◆ THE DATA
_ _ _
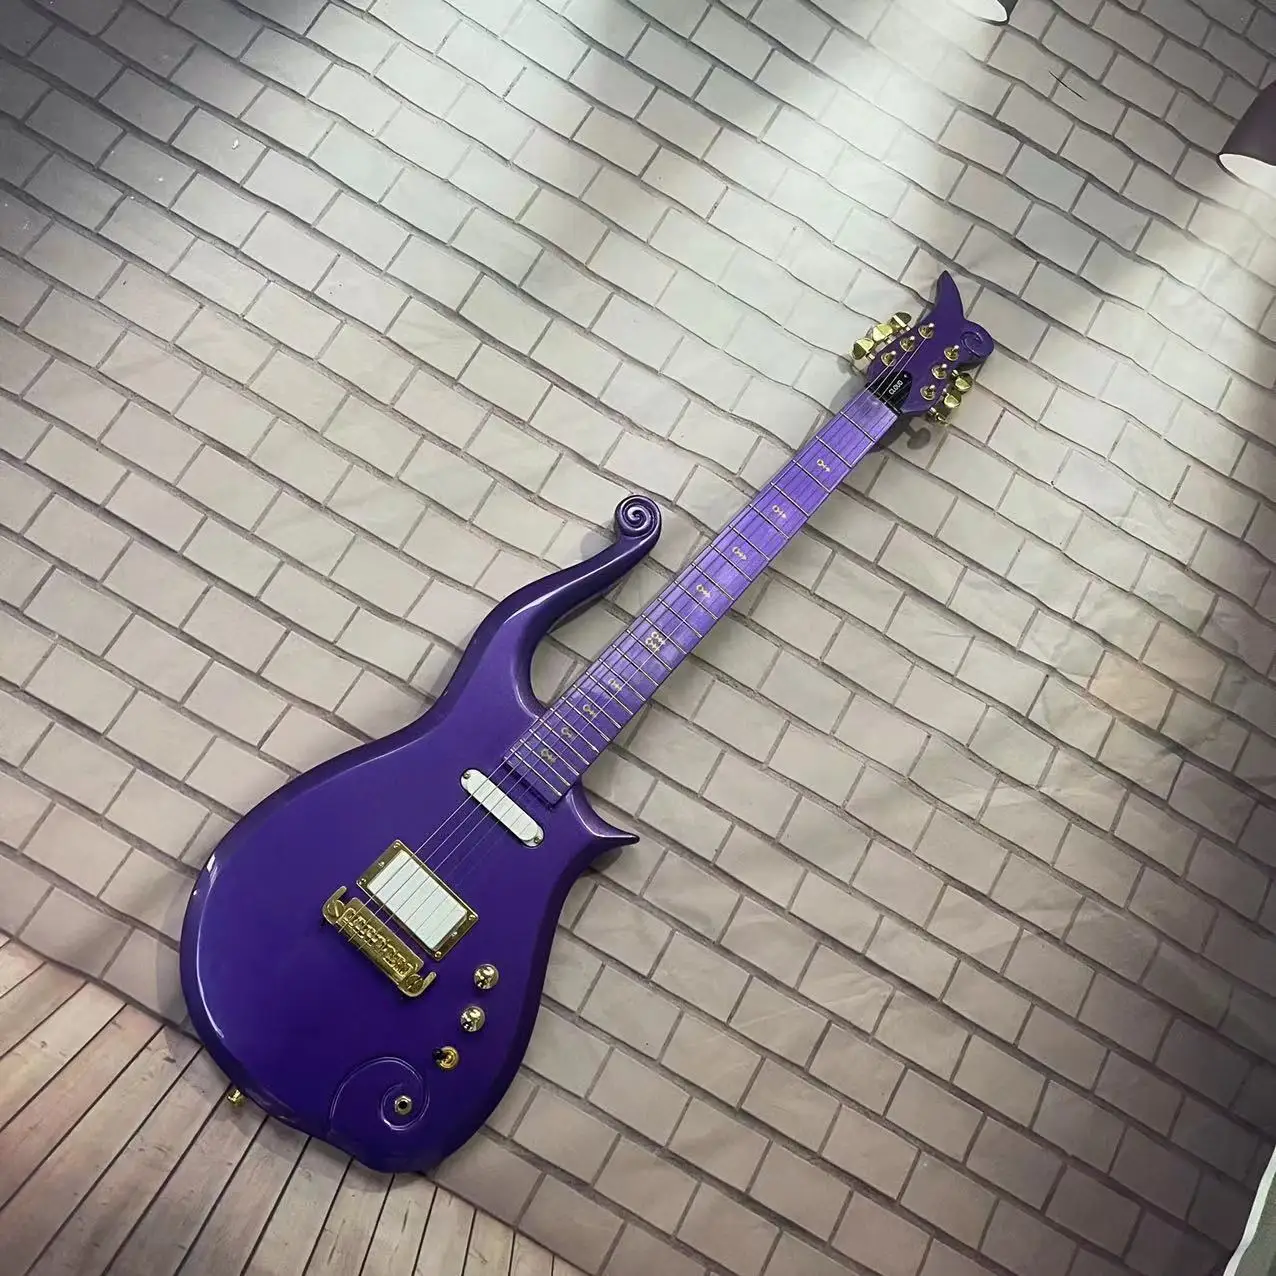 

Электрическая гитара Wangziyun, 6-струнная встроенная электрическая гитара с металлическим фиолетовым корпусом, с высоким блеском, фингерборд из розового дерева, mapl
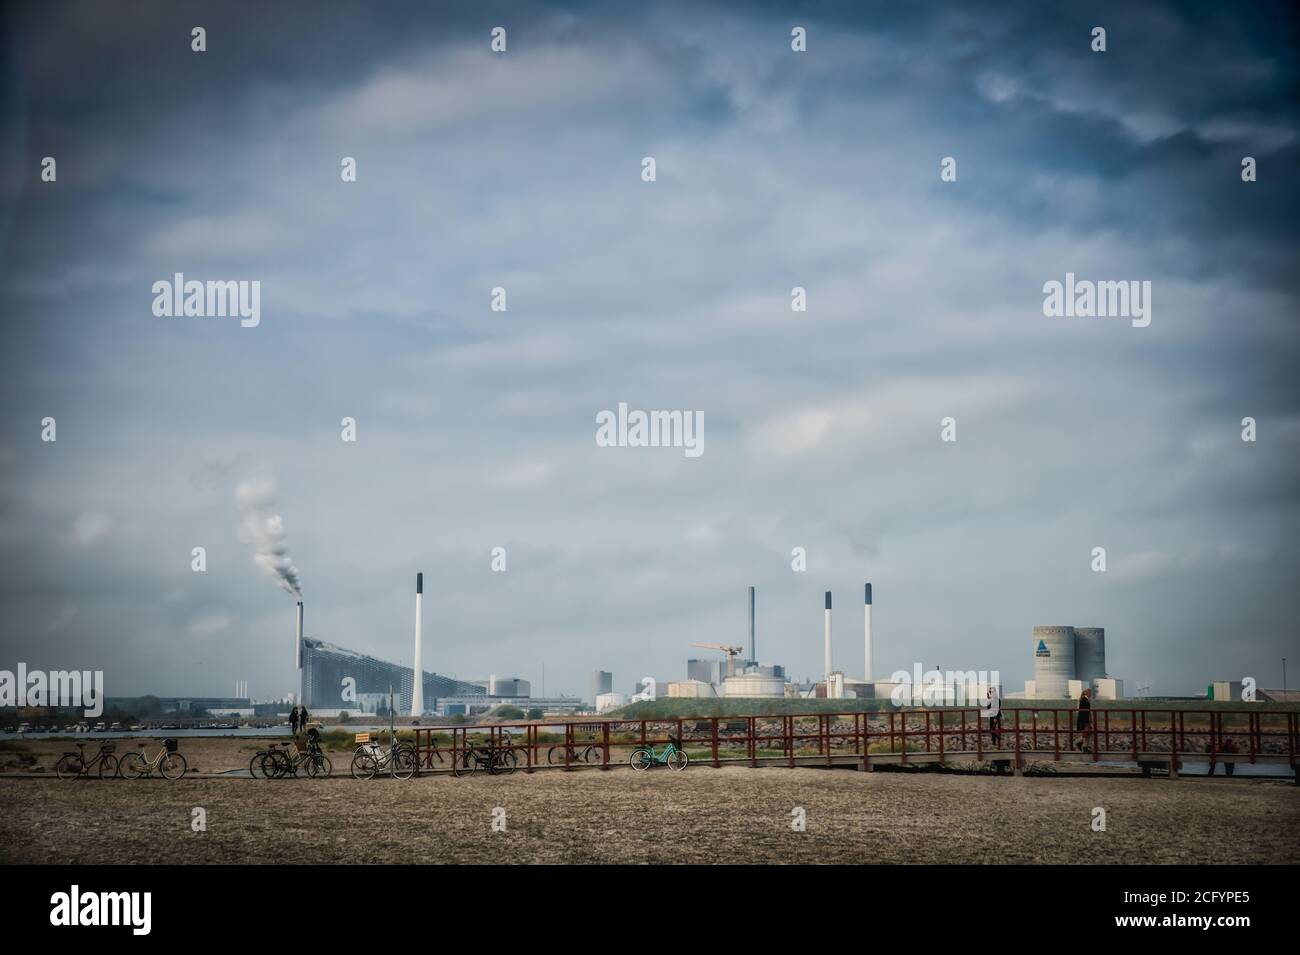 Die Skyline der Stadt mit ihren Fabriken und rauchenden Schornsteinen wirft Besorgnis über Luftverschmutzung, CO2-Emissionen und Treibhausgasemissionen auf. Kopenhagen Stockfoto
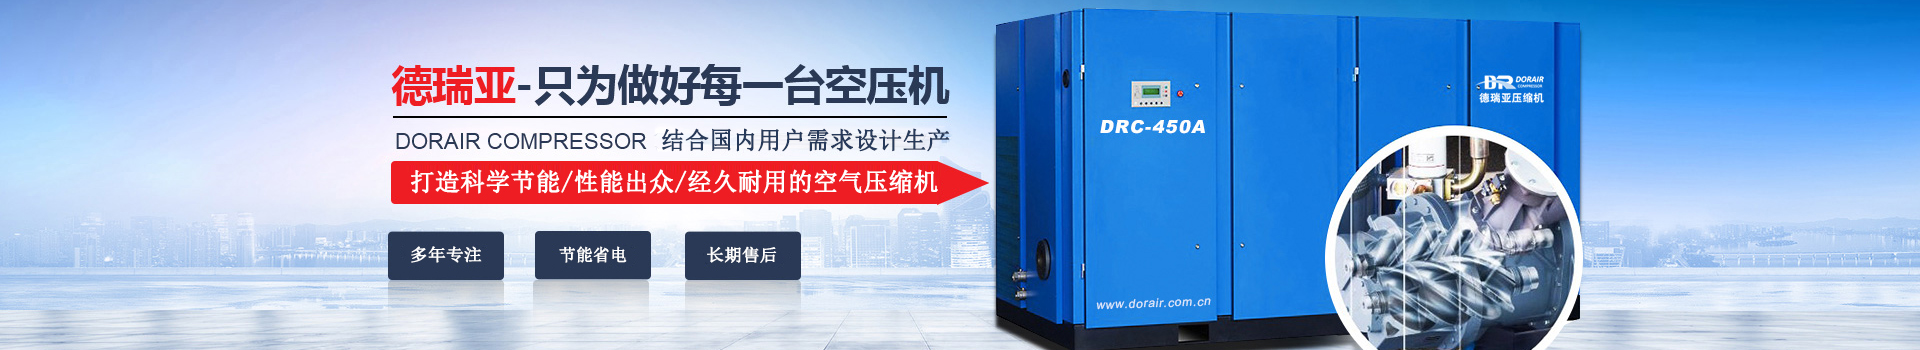 德瑞亞空壓機，中國高品質空壓機倡導者
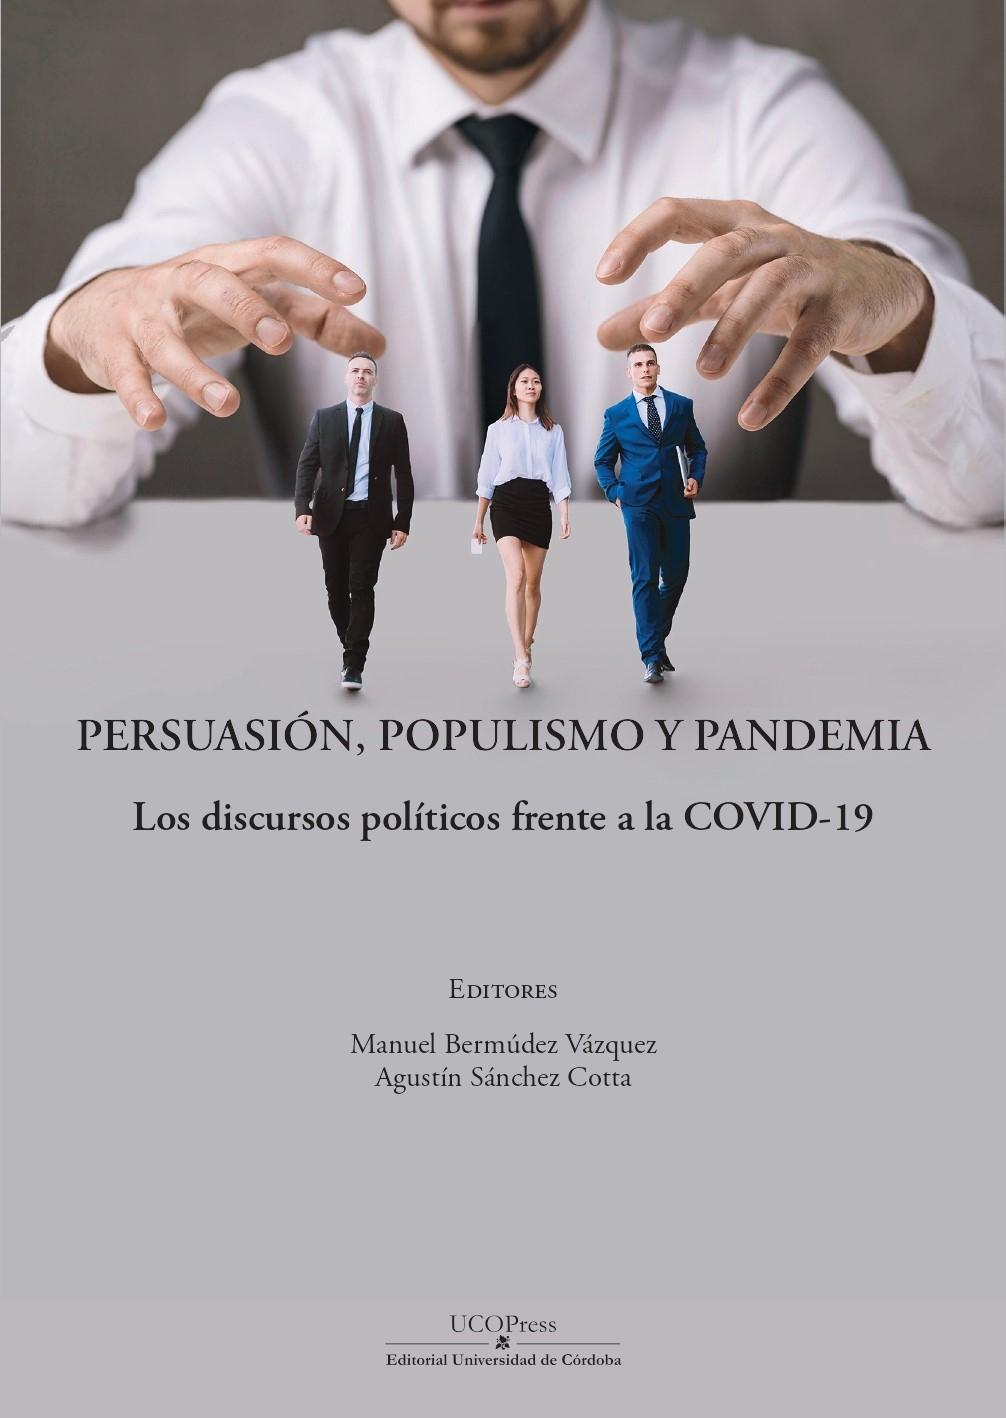 Persuasión, populismo y pandemia "Los discursos políticos frente a la COVID-19"
_ _ _
◆ REQUIRED WORK
Please retype the whole listing above exactly, without any of its images.

◆ ANSWER FOR THIS EXERCISE
Электрическая гитара Wangziyun, 6-струнная встроенная электрическая гитара с металлическим фиолетовым корпусом, с высоким блеском, фингерборд из розового дерева, mapl
 Die Skyline der Stadt mit ihren Fabriken und rauchenden Schornsteinen wirft Besorgnis über Luftverschmutzung, CO2-Emissionen und Treibhausgasemissionen auf. Kopenhagen Stockfoto
 德瑞亞空壓機，中國高品質空壓機倡導者
 Persuasión, populismo y pandemia "Los discursos políticos frente a la COVID-19"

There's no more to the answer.